## What is needed
Repeat, word for word and with nothing added, each line from the one containing "Shepherds Pumpkin Fest 1.jpg" to the final line of the data, keeping both ends. Pictures are not part of the copy.

## Information supplied
<<<<

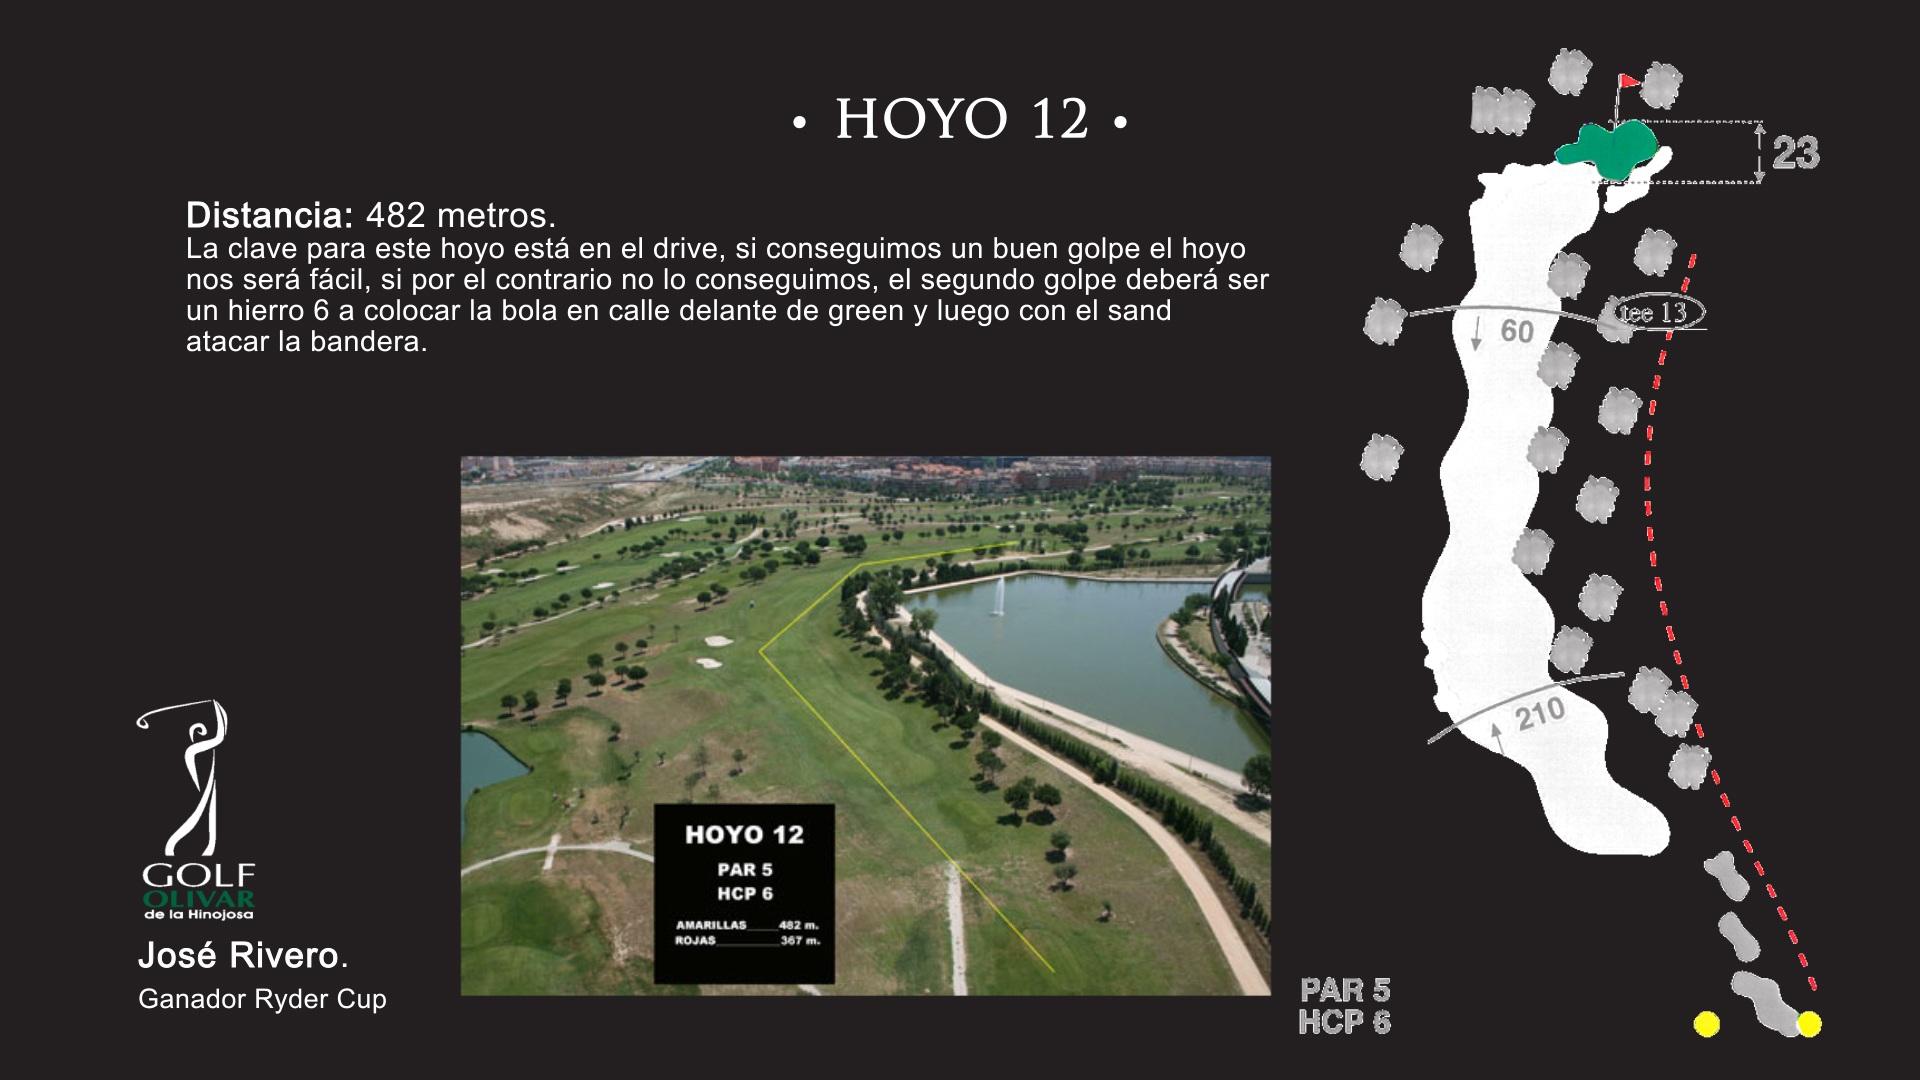 Hoyo 12 Olivar de la Hinojosa
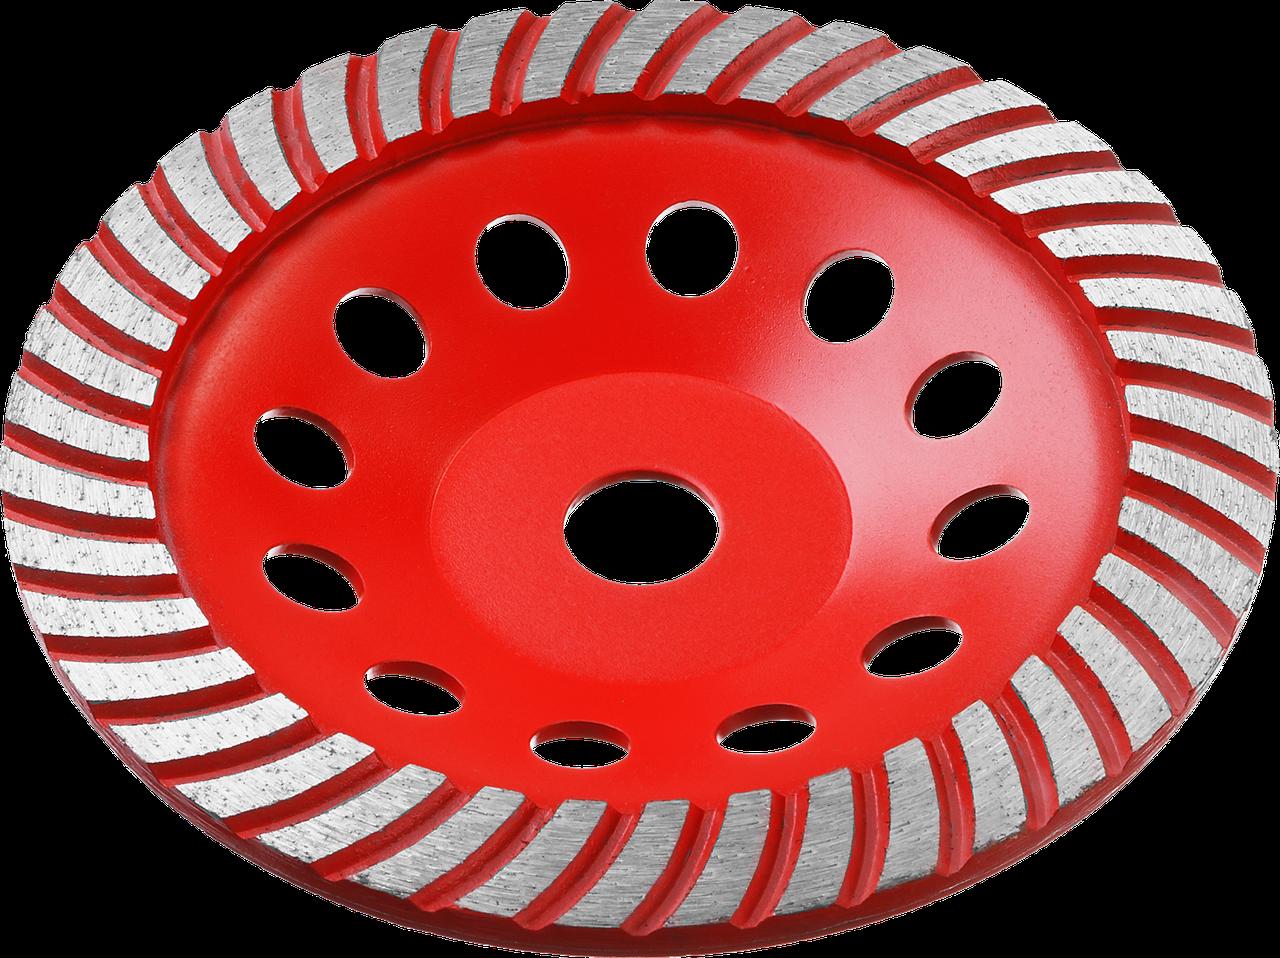 Турбо-Плюс ЗУБР чашка алмазная шлифовальная сегментированная 115 мм, МАСТЕР 180, 7900
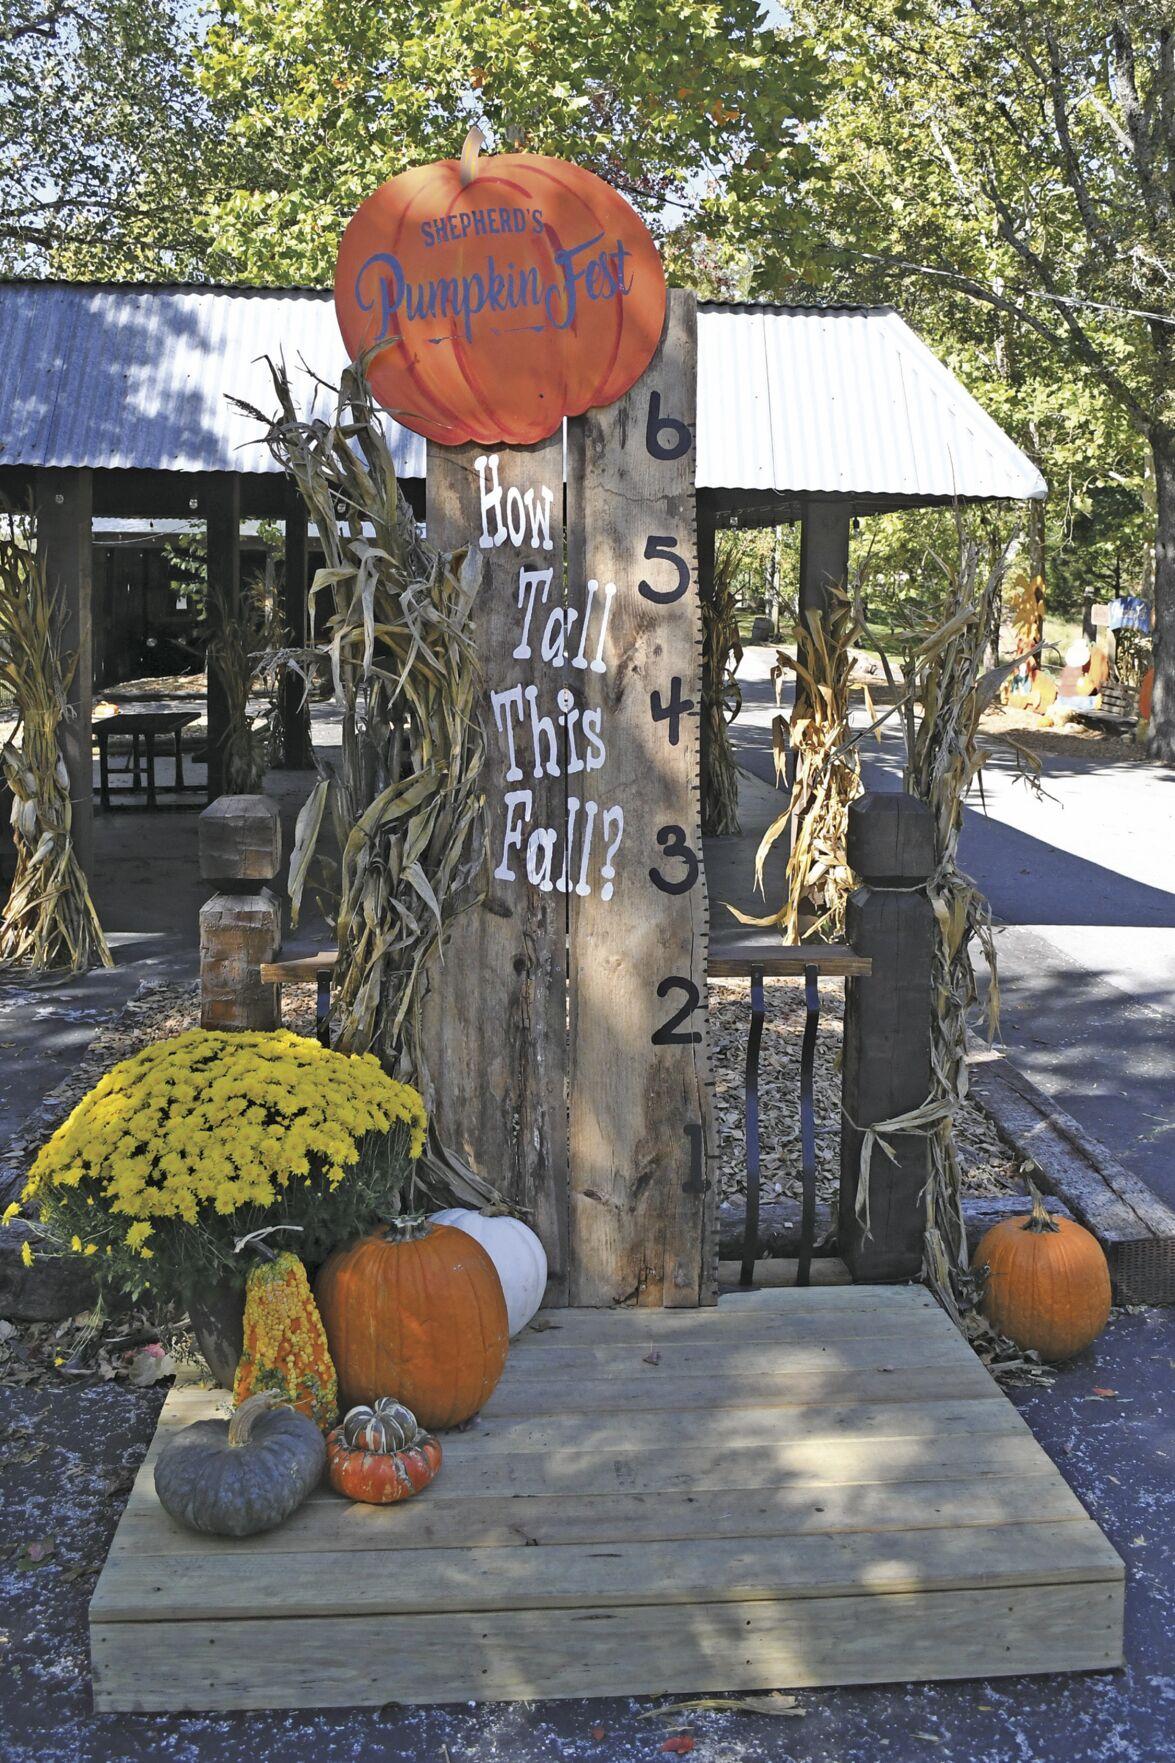 Shepherds Pumpkin Fest 1.jpg
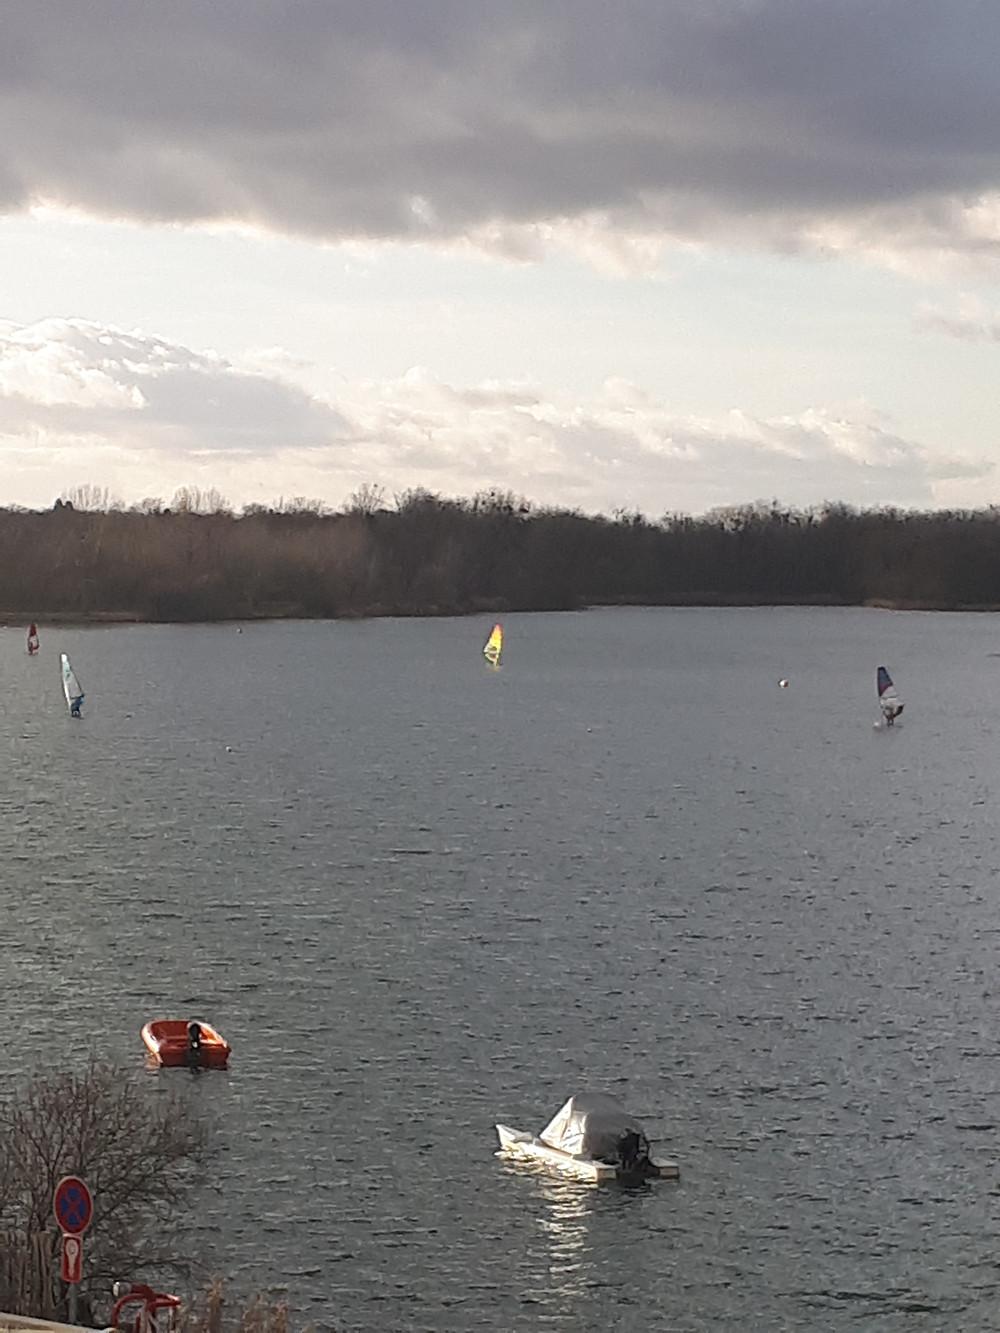 Photographie du lac de Vaires-sur-Marne sur laquelle des bateaux sont attachés et des planches à voiles naviguent au vent.

>>>>

## Solution
 Shepherds Pumpkin Fest 1.jpg
 Photographie du lac de Vaires-sur-Marne sur laquelle des bateaux sont attachés et des planches à voiles naviguent au vent.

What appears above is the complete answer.